Question 1 was asked before, but not answered.


1. Find the number of ways to arrange the letters A, B, B, C, C, C. (Both B's are identical, and all three C's are identical.)


2. Find the value of the sum \(\dbinom{13}{0}+\dbinom{13}{1}+\dbinom{13}{2}+\dbinom{13}{3}+\dbinom{13}{4}+\dbinom{13}{5}+\dbinom{13}{6}\)


3. How many 4-digit numbers are there where any two consecutive digits are different?


Thank you for your help!

 Mar 1, 2020

1)  If you had 6 different letters, the answer would be 6!.

     Since you have multiples, you need to divide by the factorials of the multiples:  Answer = 6! / (2! x 3!)

     -- because you have 2 Bs and 3 Cs.


2)  You can find the value of each one individually, and sum them together.

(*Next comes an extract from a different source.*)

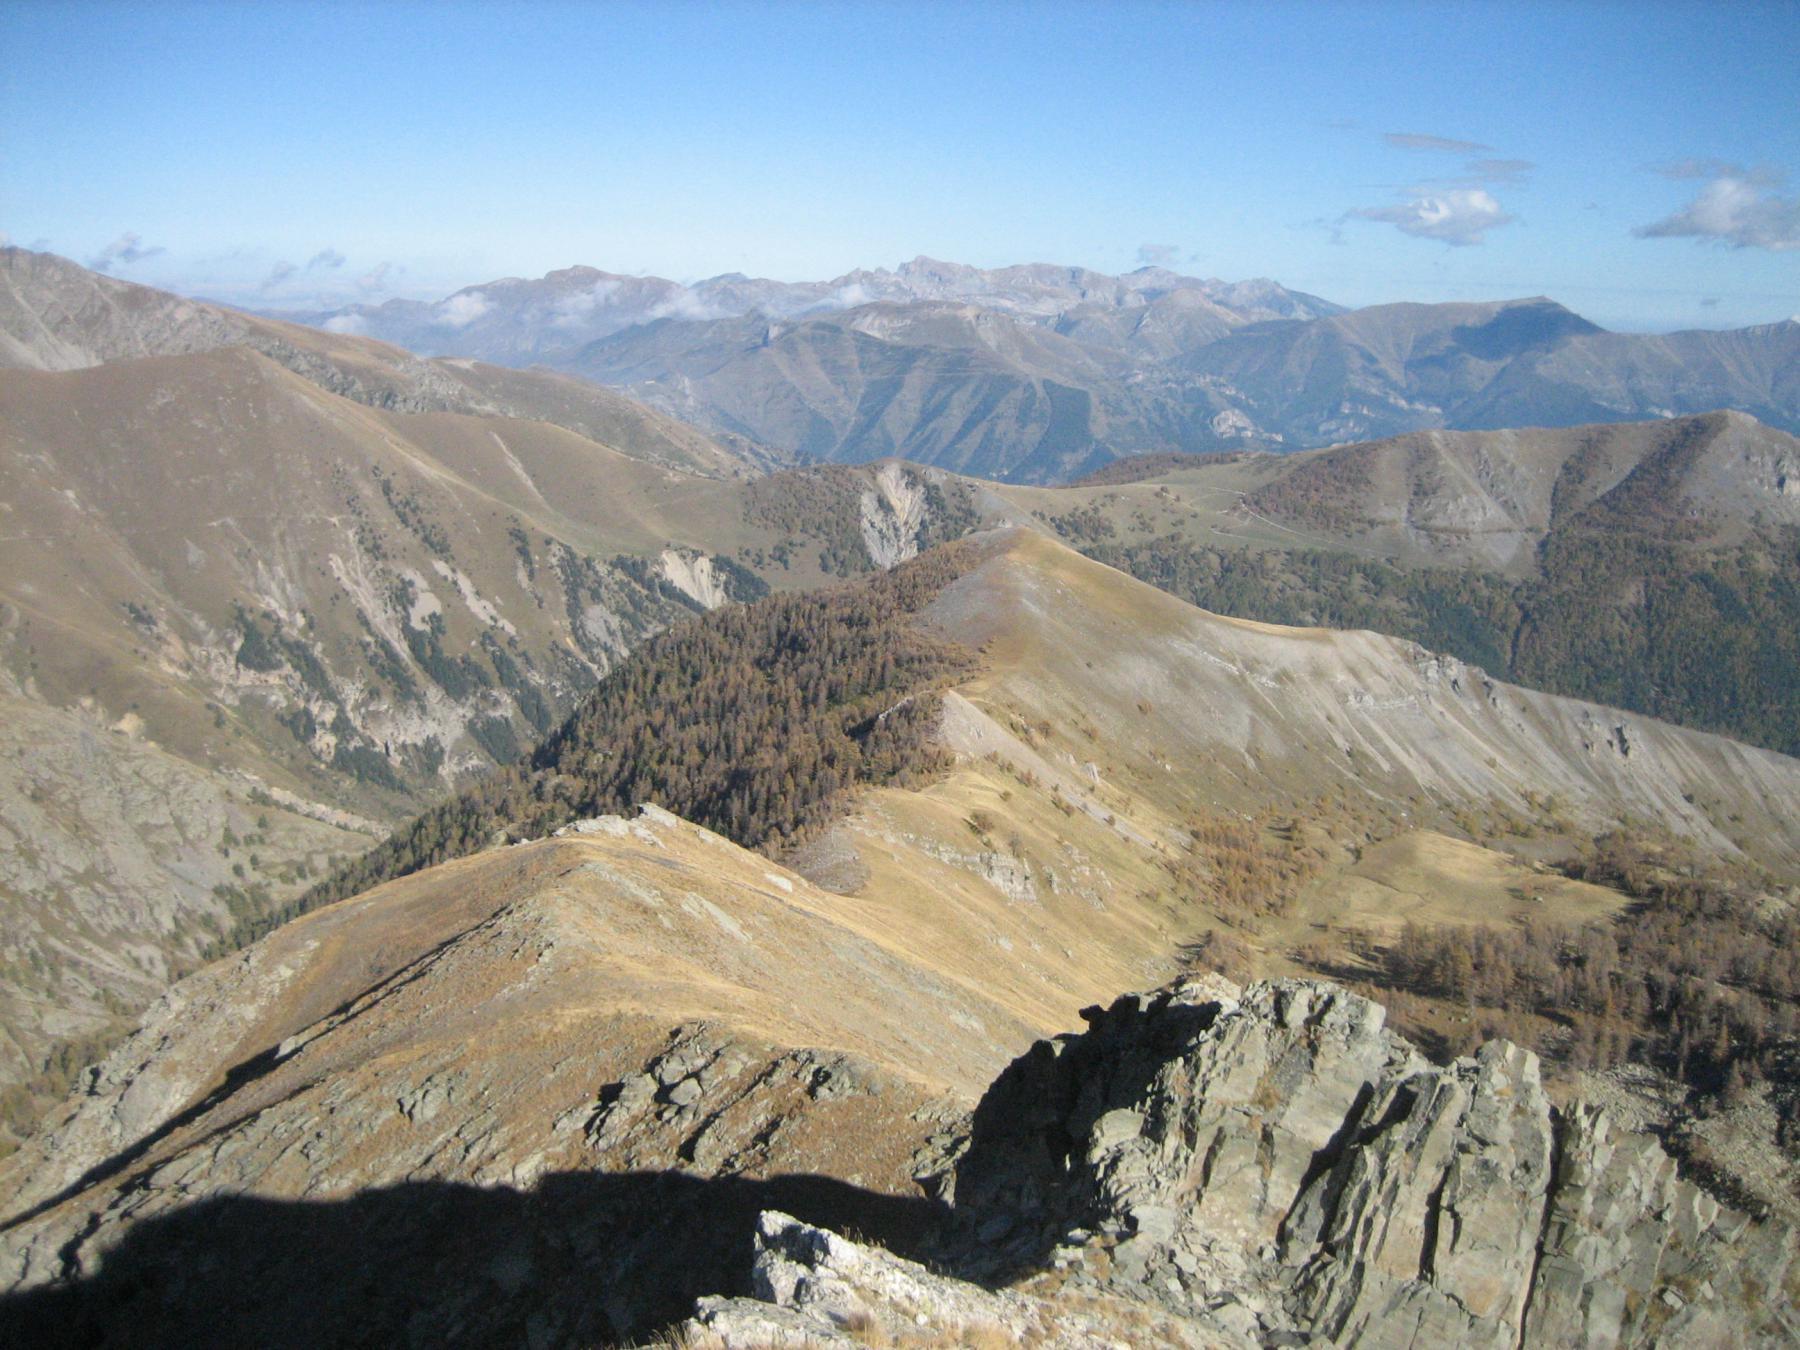 Ultime difficoltà e Col di Tenda in lontananza.
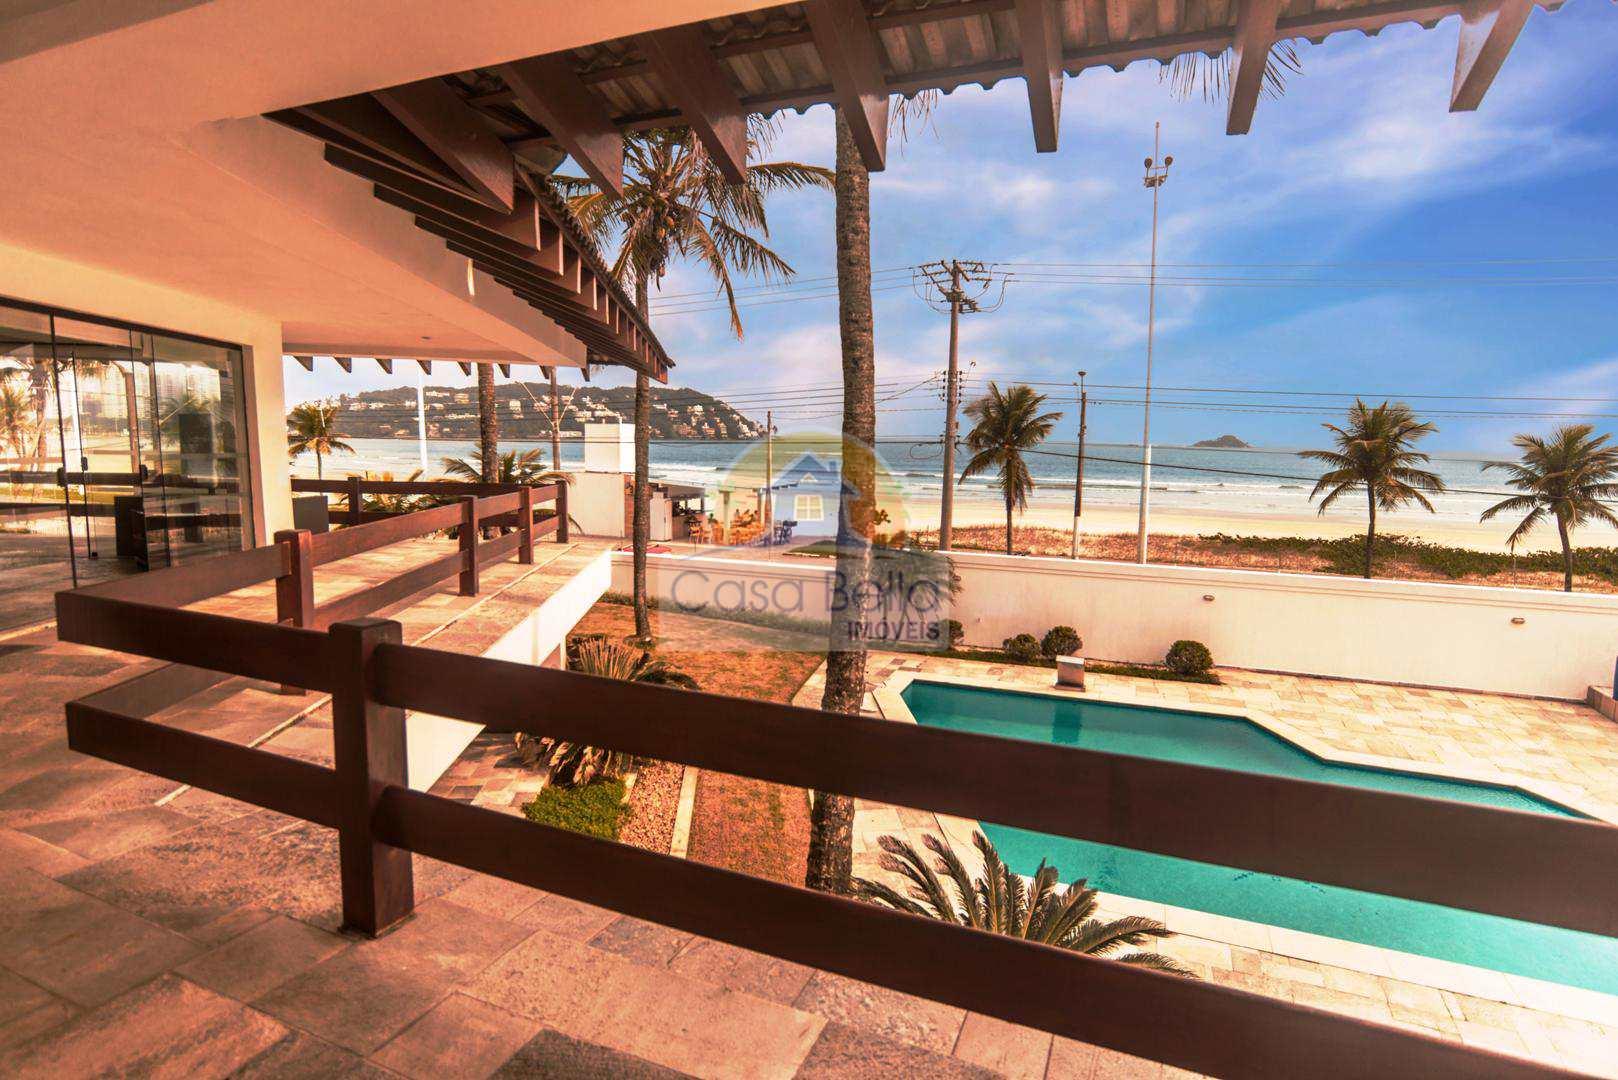 Sobrado com 8 dorms, Praia da Enseada, Guarujá - R$ 7.000.000,00, 1.400m² - Codigo: 2877

      Or, since this sum gives you half of the entries of the 13th row of Pascal's triangle, you can find the sum of that row

      (which is 213) and divide that  answer by 2.


3)  Since the first digit can be any digit but zero, you have 9 choices for the first digit.

     Since the next digit can be any digit that doesn't match the first digit, you again have 9 choices for the second digit.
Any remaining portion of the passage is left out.